[STORED DATA]

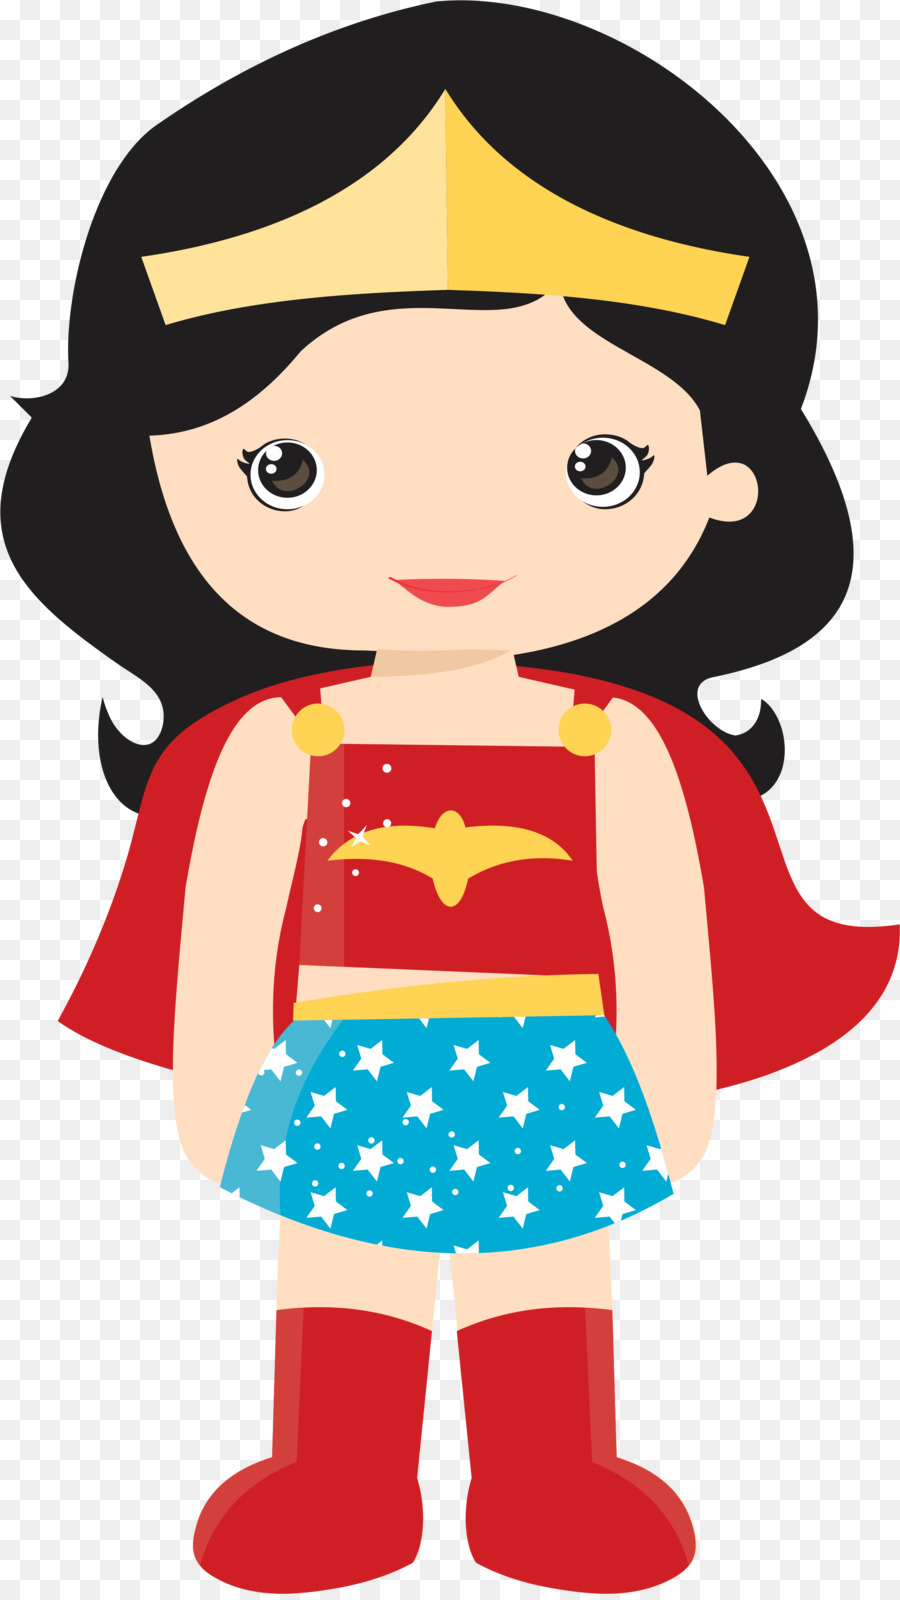 Diana Prince Batgirl Superhero Clip art - Women Baby Cliparts png download - 2391*4236 - Free Transparent  png Download.
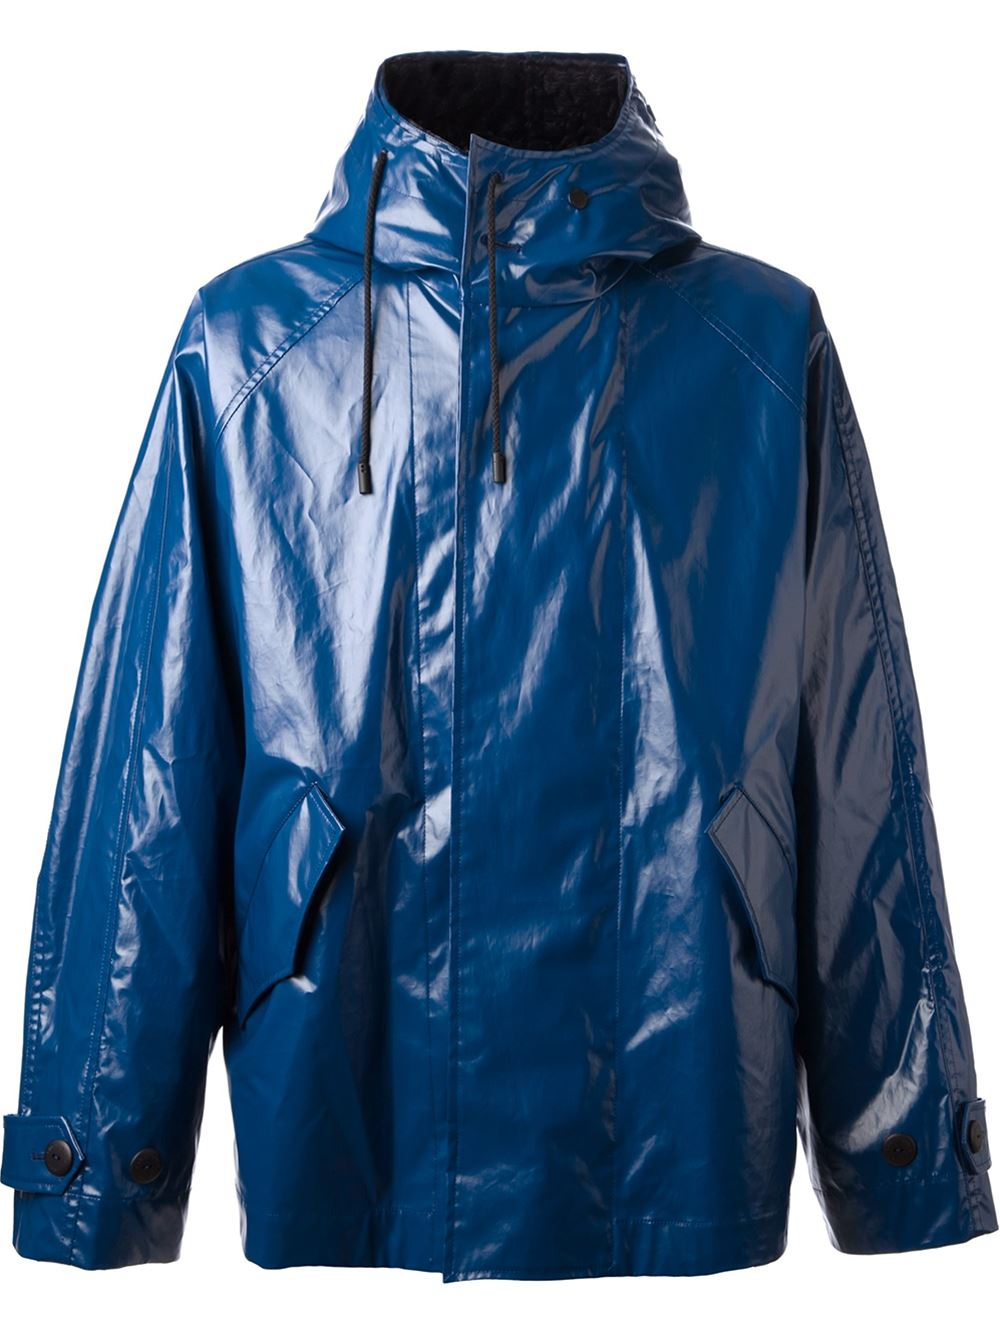 Lyst - Christopher Kane Hooded Windbreaker Jacket in Blue for Men
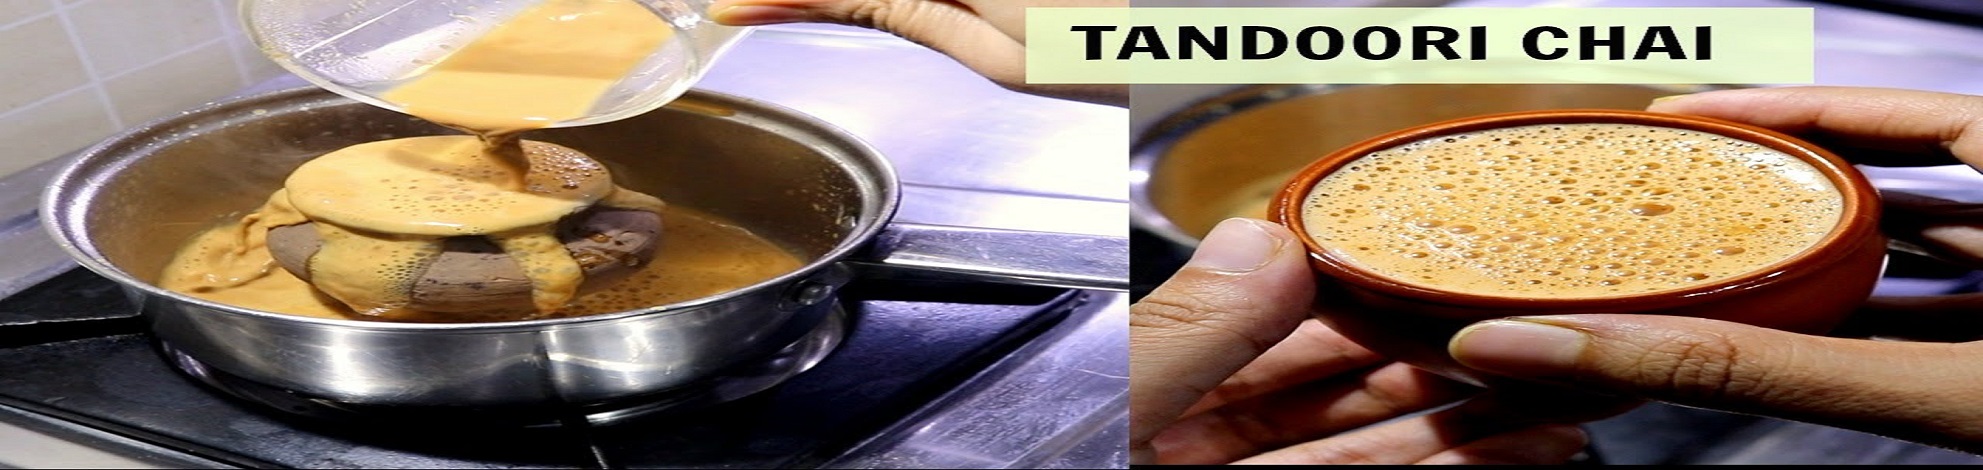 Tandorri chai

[/STORED DATA]

YOUR TASK
Copy the data above word for word. Pictures stay out.

ANSWER
 Diana Prince Batgirl Superhero Clip art - Women Baby Cliparts png download - 2391*4236 - Free Transparent  png Download.
 Lyst - Christopher Kane Hooded Windbreaker Jacket in Blue for Men
 Tandorri chai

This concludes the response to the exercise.